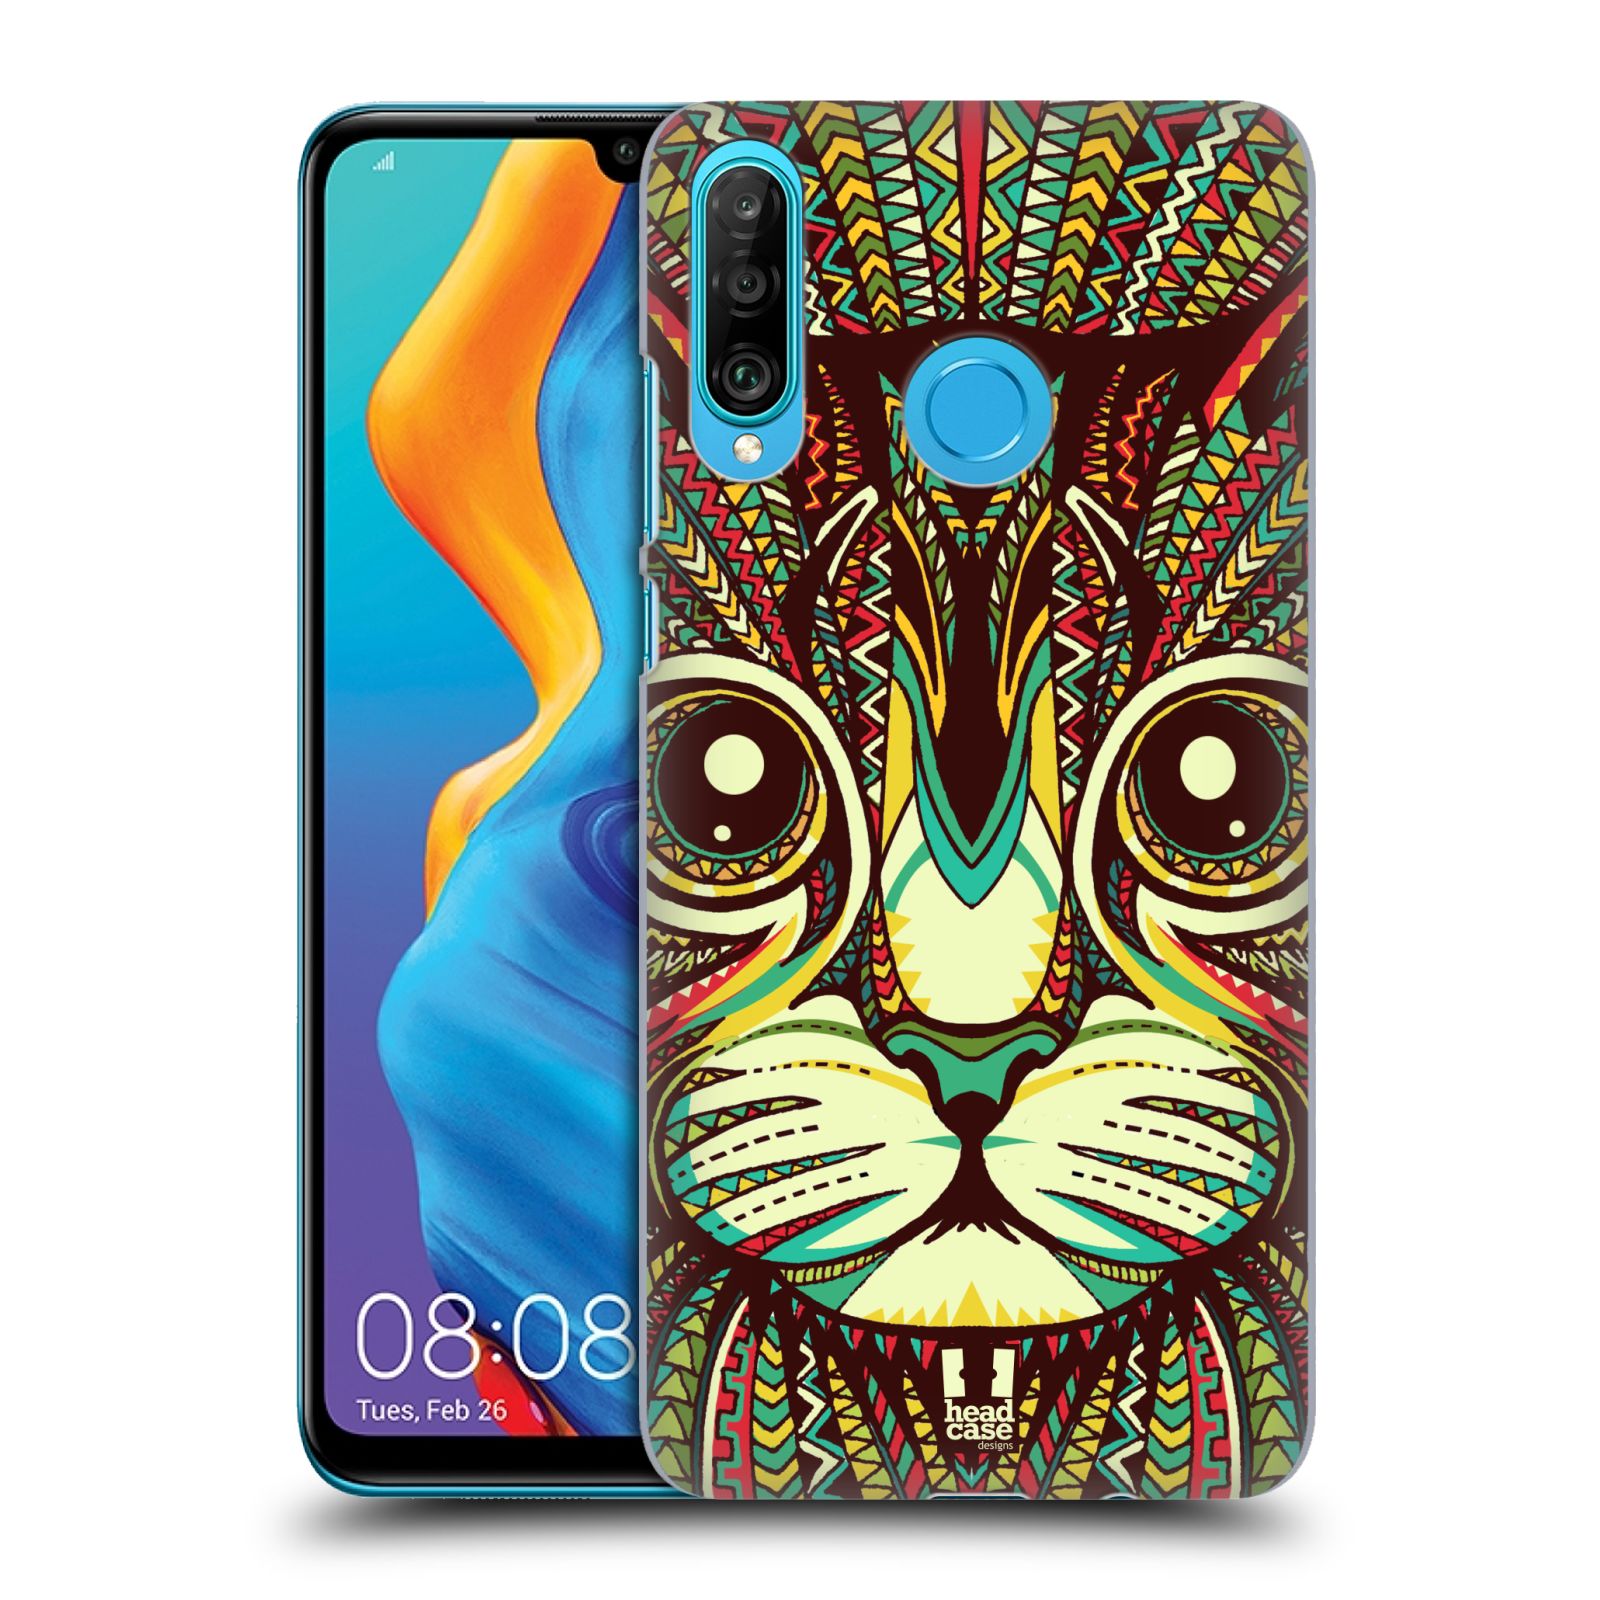 Pouzdro na mobil Huawei P30 LITE - HEAD CASE - vzor Aztécký motiv zvíře 2 kotě
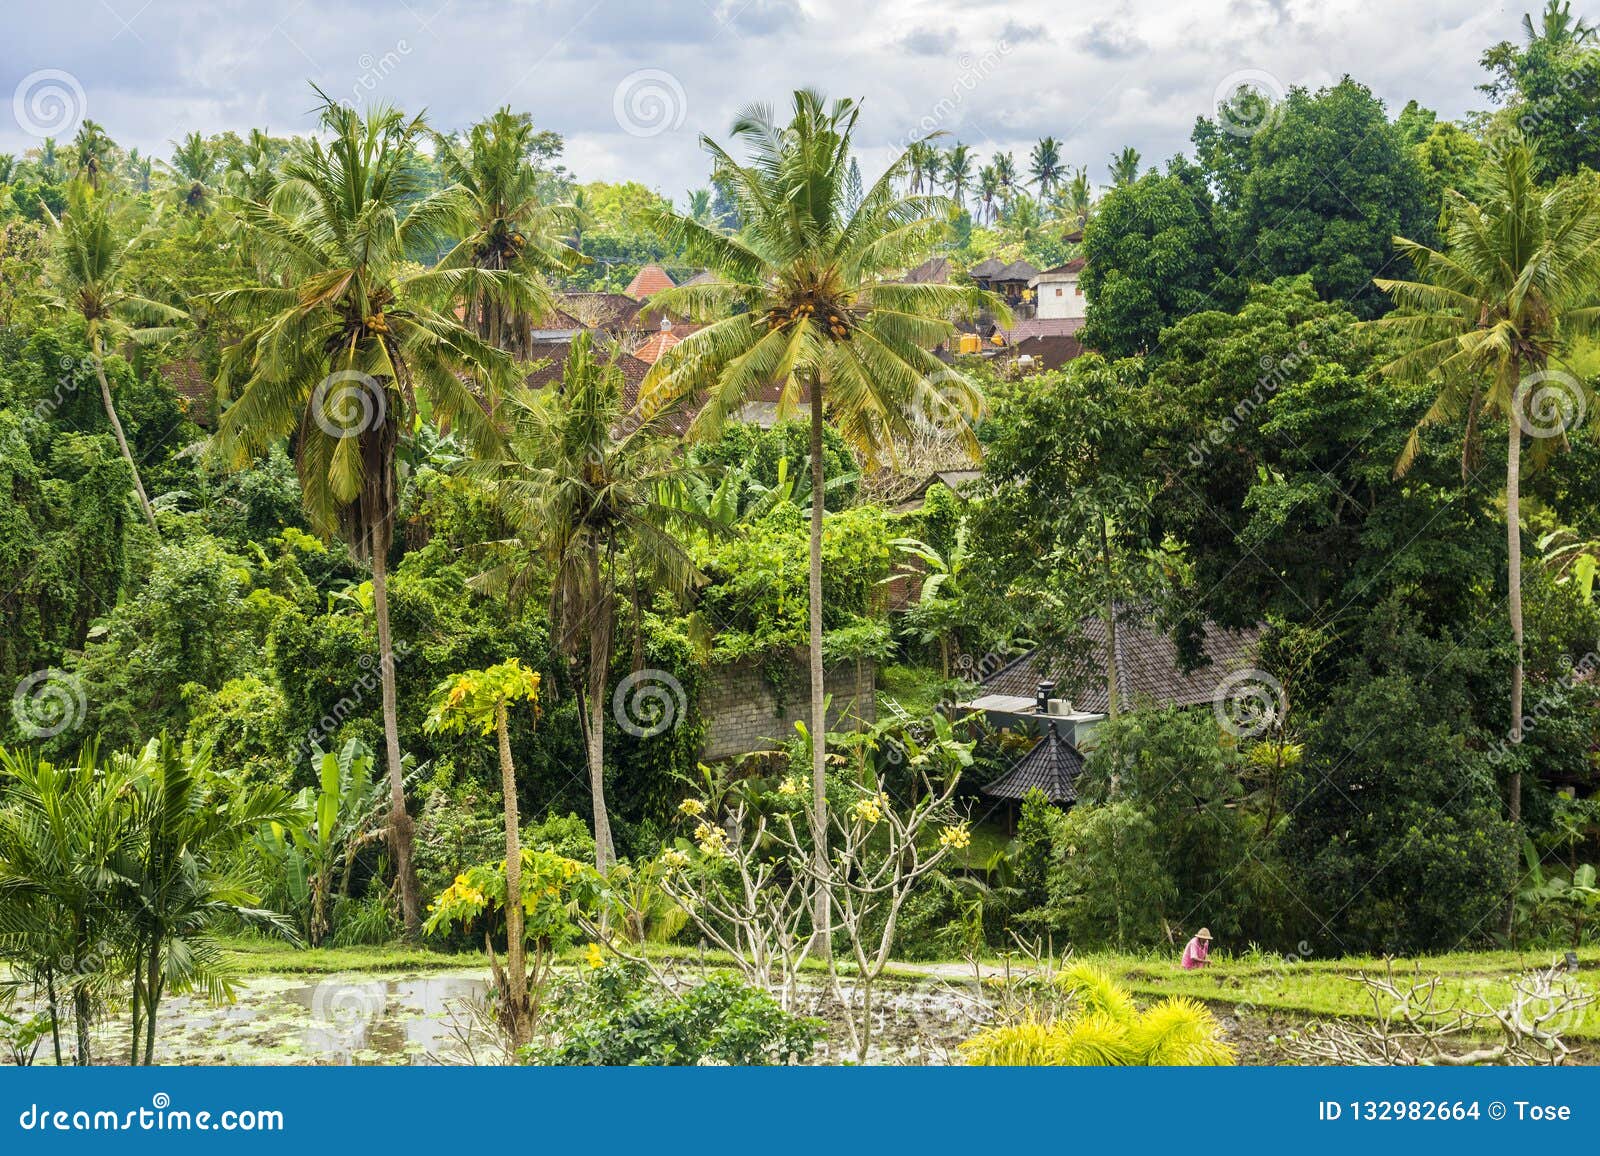 Campos, Casas Y Vegetación Del Arroz En Ciudad Ubud, Bali, Indonesia Foto de archivo - Imagen de tropical, hierba: 132982664
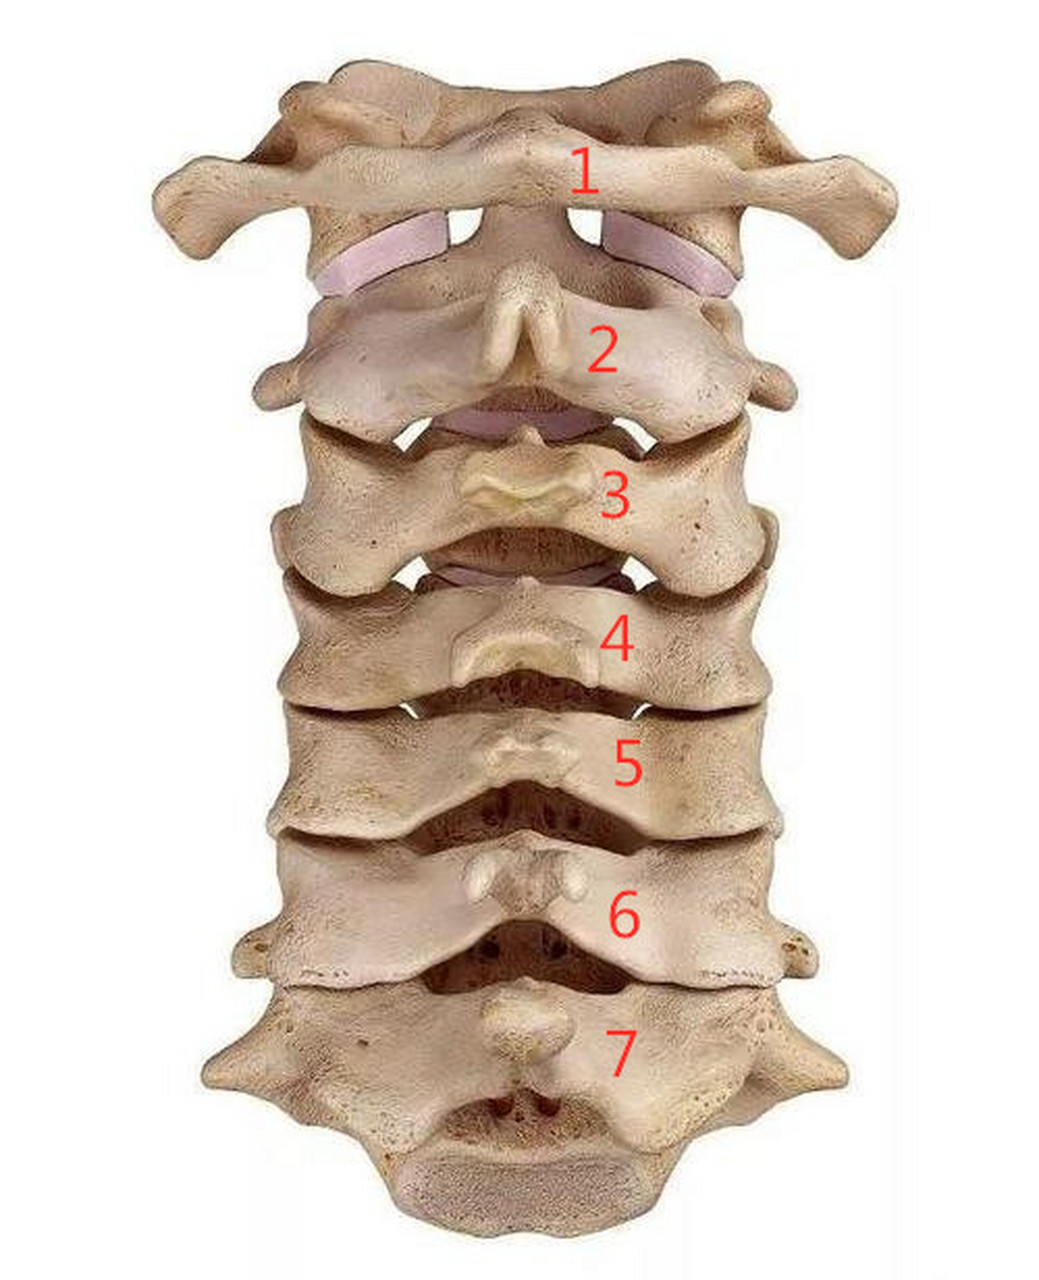 颈椎1-7节准确位置图图片
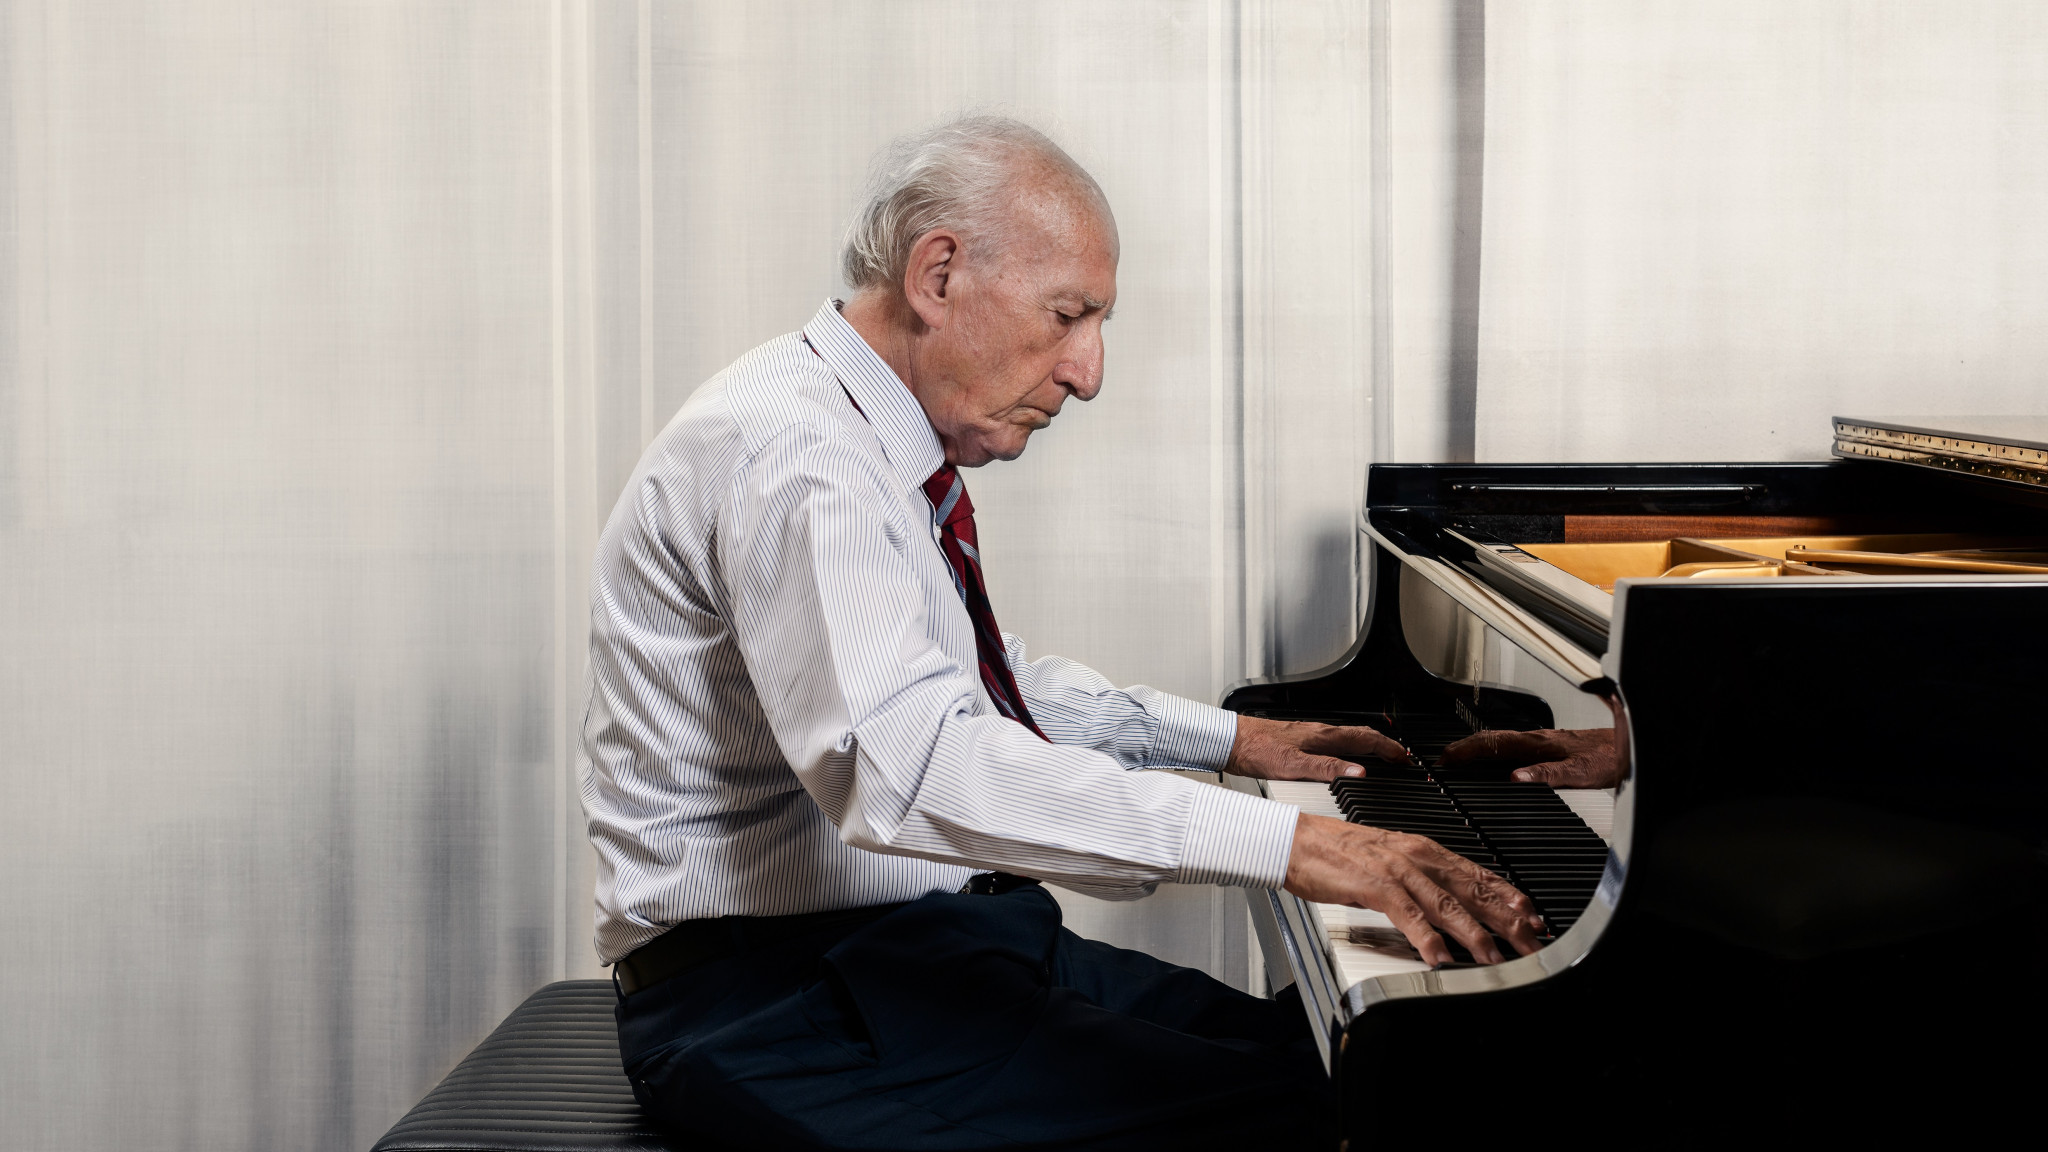 DG releases new Maurizio Pollini's Chopin album

WHAT YOU ARE ASKED TO DO: Starting at the line that holds "颈椎1-7节准确位置图图片", copy each line exactly through the end of the material above, keeping both ends and dropping the pictures.

YOUR RESPONSE:
 颈椎1-7节准确位置图图片
 DG releases new Maurizio Pollini's Chopin album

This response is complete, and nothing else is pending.